SHANGHAI/BEIJING (Reuters) -China’s state banks stepped up their intervention to defend a weakening yuan on Monday, with banking sources telling Reuters these banks sold a high volume of U.S. dollars and used a combination of swaps and spot trades.
Six banking sources told Reuters the country’s major state-owned banks were spotted swapping yuan for U.S. dollars in the forwards market and selling those dollars in the spot market, a playbook move used by China in 2018 and 2019 as well.
The selling seemed to be aimed at stabilising the yuan, with the swaps helping procure dollars as well as anchoring the price of yuan in forwards, said the sources, who have direct knowledge of market trades.
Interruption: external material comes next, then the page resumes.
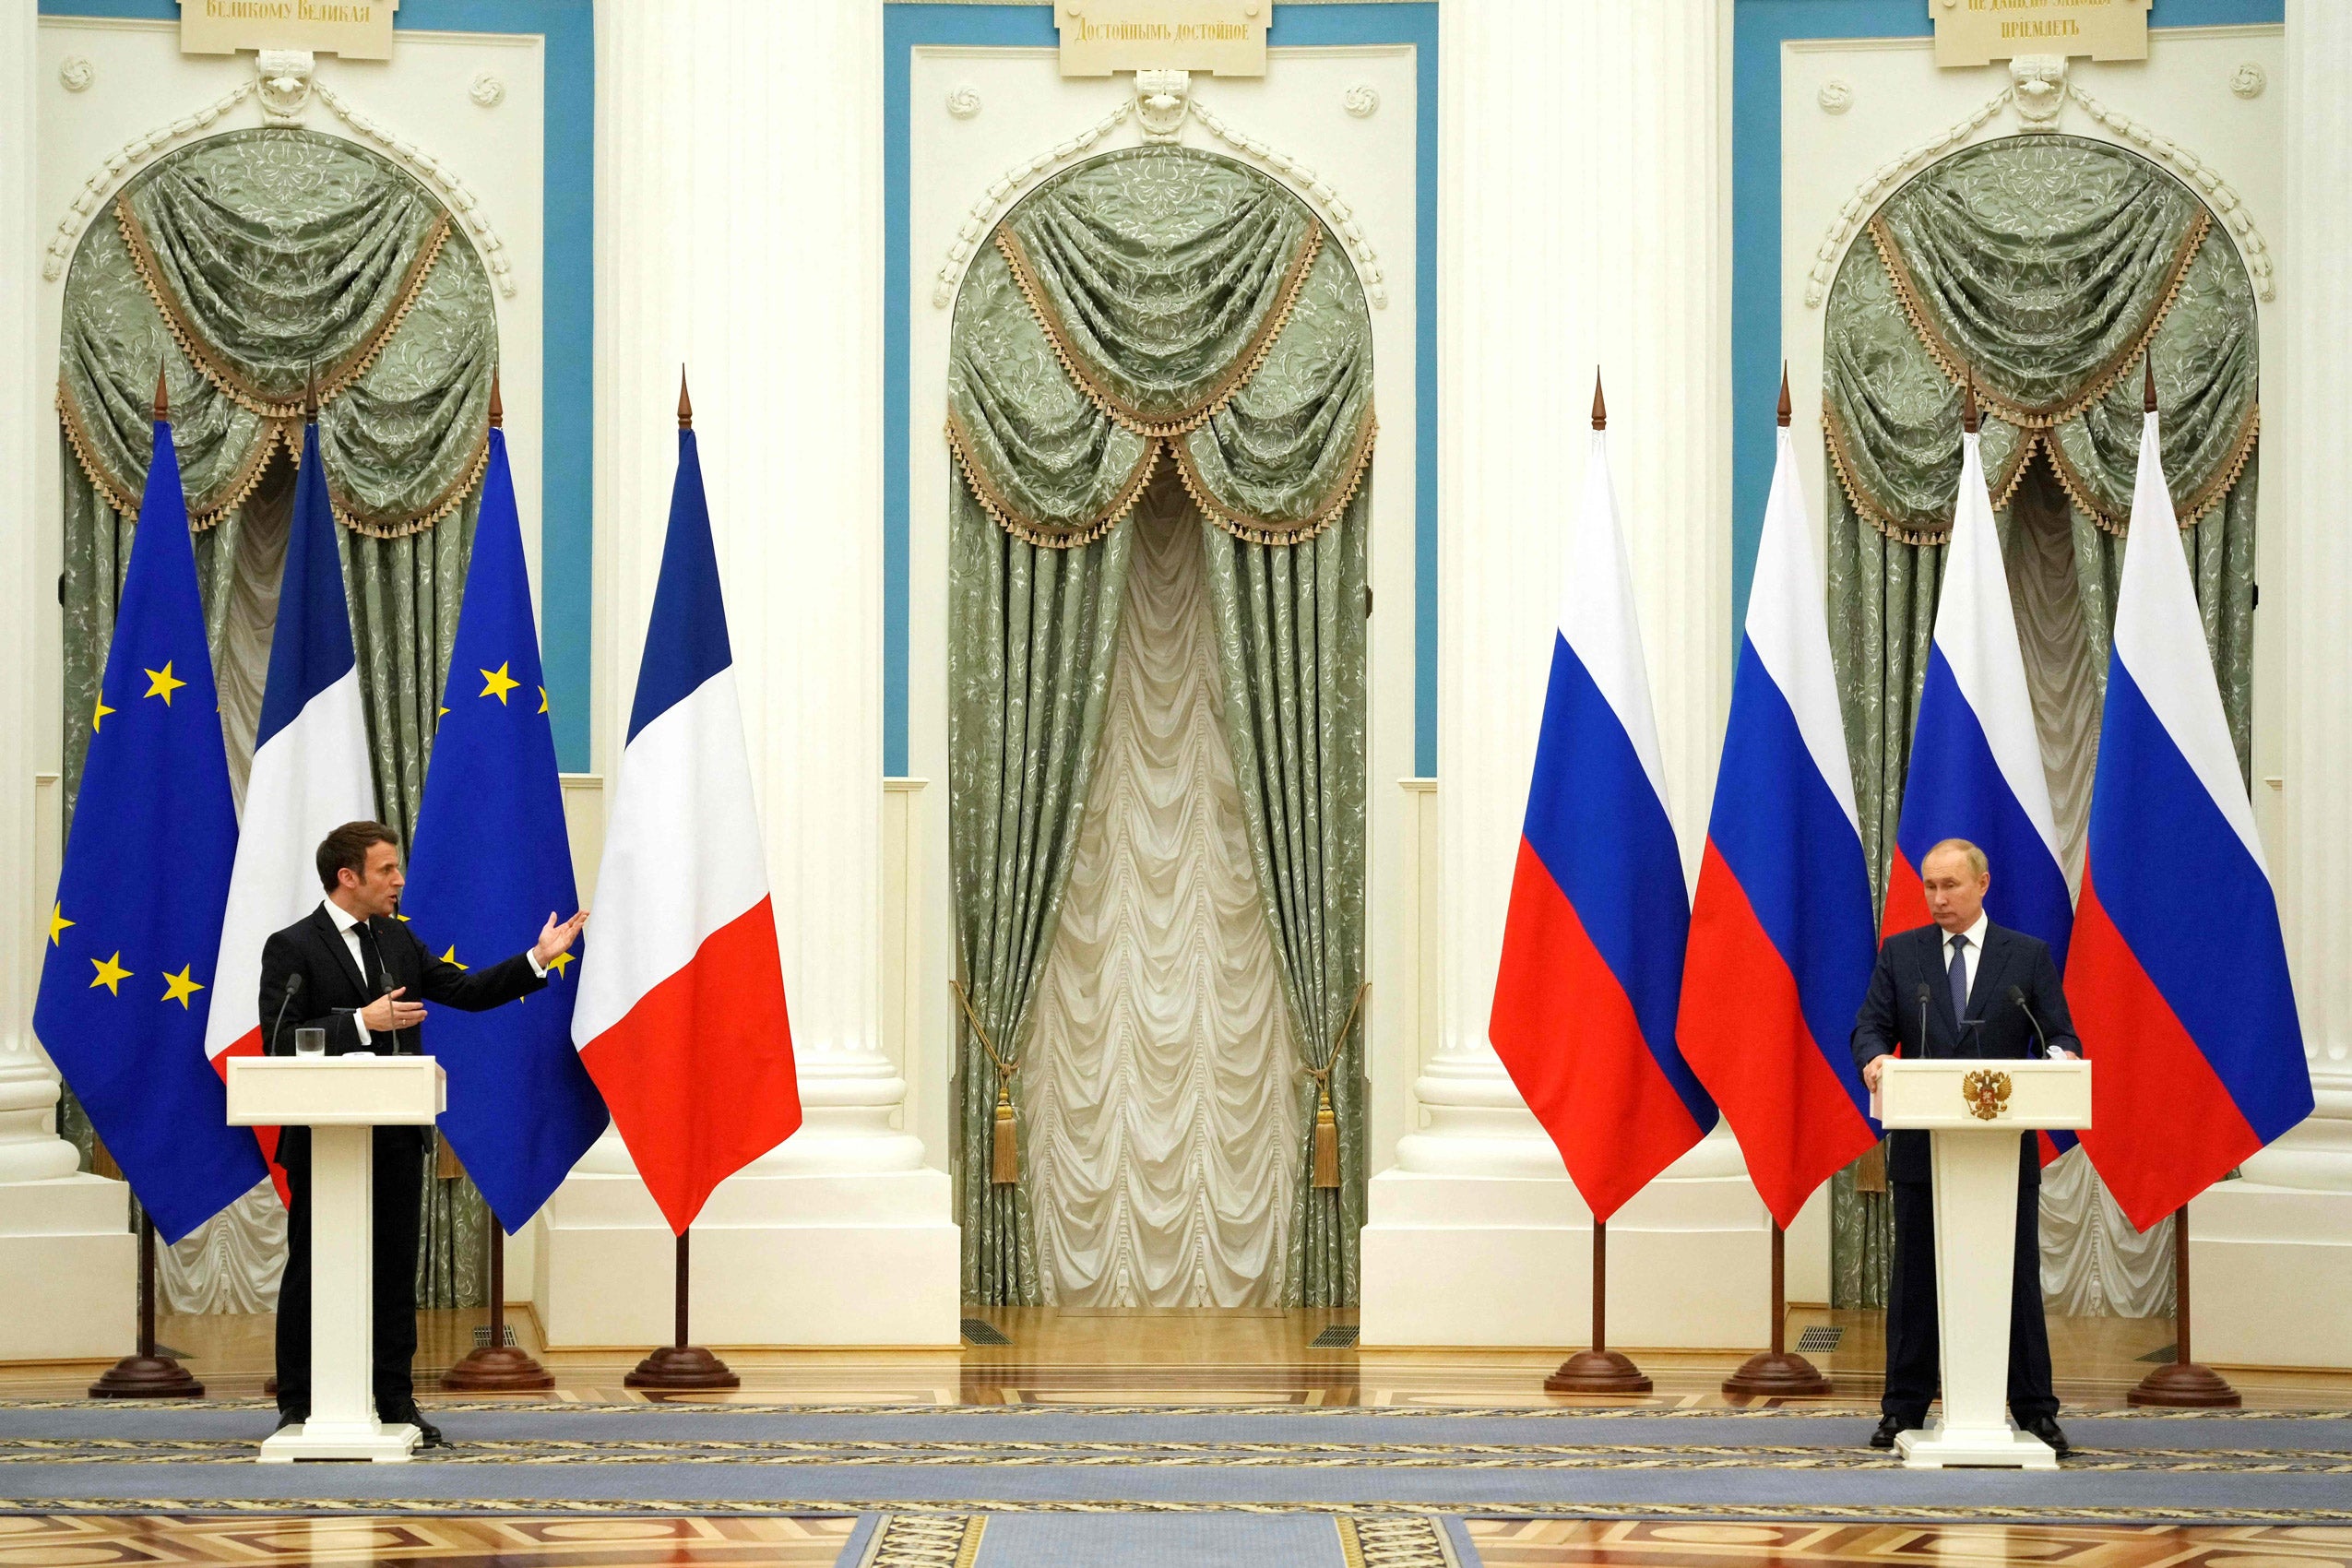 Two men speaking at white podiums with flags behind them

The yuan is down 11.6% versus the dollar this year. It was trading around 7.1980 per dollar on Monday.
One-year dollar/yuan forwards fell rapidly following the state bank actions, pushing the yuan to 6.95 per dollar. One of the sources noted the size of the dollar selling operation was “rather huge”.
“The big banks want to acquire dollar positions from the swap market to stabilise the spot market,” said another source.
State banks usually trade on behalf of the central bank in China’s FX market, but they can also trade for their own purposes or execute orders for their corporate clients.
A third source noted that the state banks’ trades appeared to be managed so that the country’s closely-watched $3 trillion foreign exchange reserves will not be tapped for intervention.
At the same time, the move helps state banks to procure dollars at a time when rising U.S. yields have made dollars scarce and expensive.
China burned through $1 trillion of reserves supporting the yuan during the economic downturn in 2015, and the sharp reduction in the official reserves attracted much criticism.